There are also proposals to reform inheritance tax, and there are plans for a consultation which could be launched in the autumn. These could include radical changes, such as removing or updating the rules on agricultural land and business relief.

HMRC could be instructed to prepare figures on a range of options next month, sources said. They would then go to the OBR, which would need 10 weeks to crunch the numbers and share its findings with the Treasury.

The preparatory work suggests that a budget could come as early as October, once the party conferences are over.

Under the current CGT system, profits from the sale of second homes or shares in businesses are taxed at a much lower rate than wages.

Some senior figures believe more openness about plans to raise wealth taxes to overhaul public services would improve traditional Labor voter turnout.
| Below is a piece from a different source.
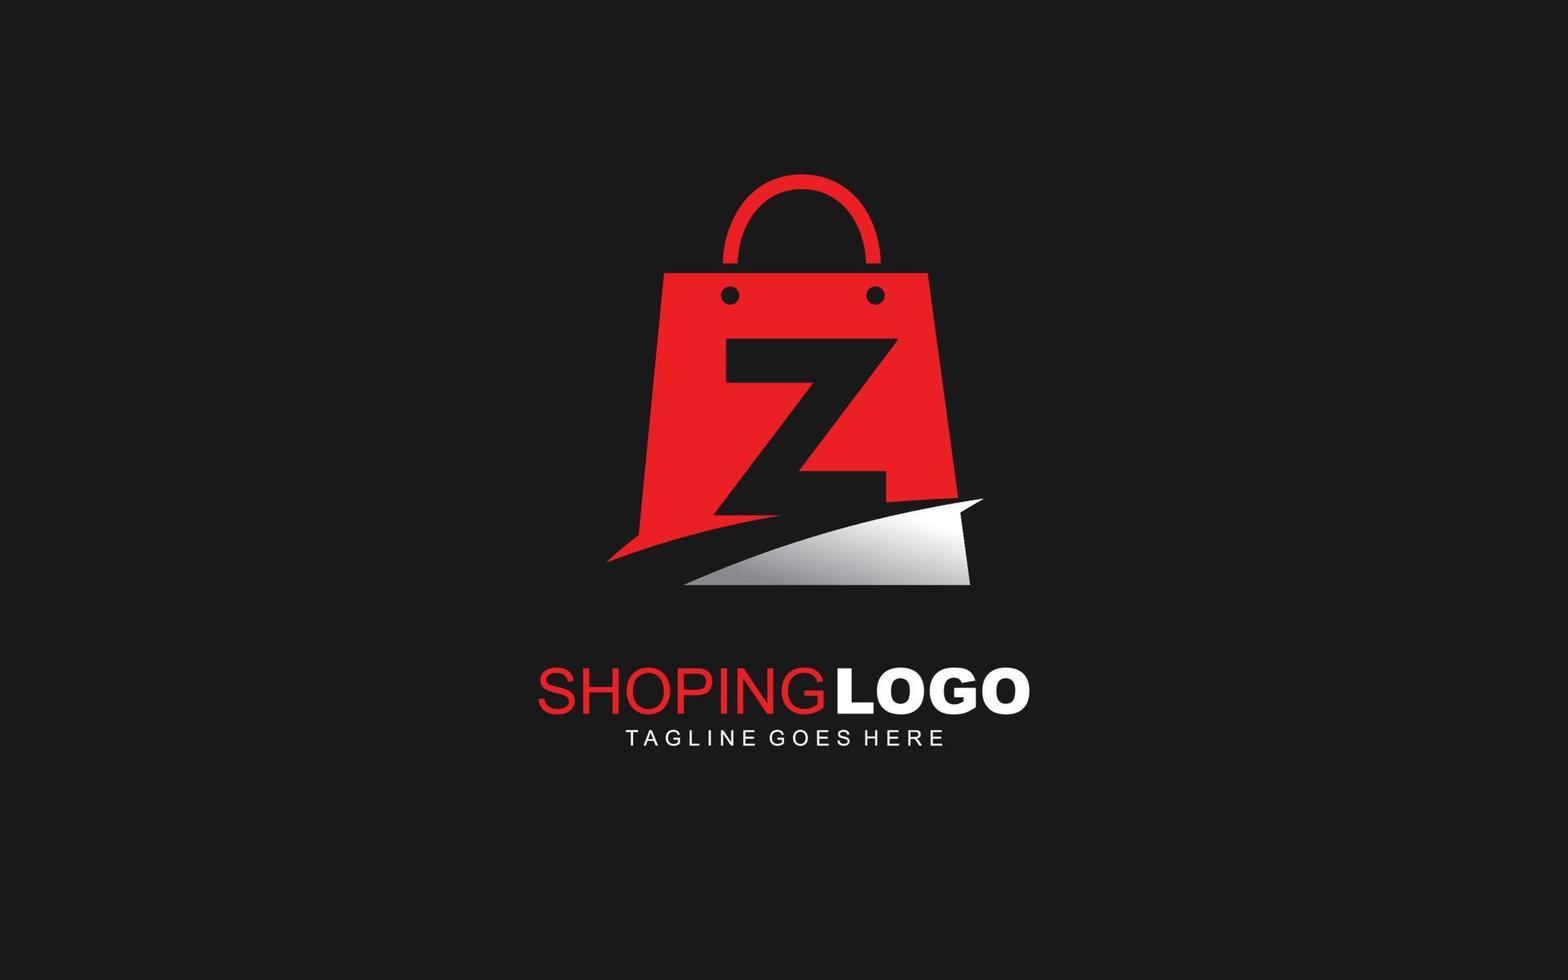 Z logo ONLINESHOP for branding company. BAG template vector illustration for your brand.

The tax options being considered come amid growing criticism from experts of a “conspiracy of silence” over how the two main parties can afford to fund public services.

The Institute for Fiscal Studies (IFS) said Labor and the Conservatives were not clear on how they planned to address the “extremely difficult fiscal situation” facing the next government.

The inheritance tax option being looked at involves changes to the rules for the tax on agricultural land and other family businesses, which industry experts consider to be “very significant”.

Currently, a person can claim up to 100% relief on the inheritance of agricultural land if it is actively farmed. This is causing concern that rich people are trying to avoid inheritance taxes on farmland, and this is driving up prices and closing down small businesses and farmers.

Some in Labor want to scrap this along with business relief, which allows someone to pass on a company or shares if it is unlisted with 100% tax relief.

Among the plans being considered is a transitional scale of options to assess the likely gain to the exchequer, including a £500,000 cap for each person benefiting from agricultural and business relief, rather than ending it. In some cases, both types of relief could be claimed, effectively allowing a cap of £1m for each person.

This would still raise around £2.3bn by 2029-30, which would be the end of the OBR’s forecast period if introduced in March next year, according to a paper published by the IFS in 2023. the same figure appears in one. of the internal Labor documents seen by the Guardian.

Sources said wider changes to gift and inheritance tax were also being considered. Currently, no inheritance tax is due on gifts if they are given by someone who lives for more than seven years after the gifts were made.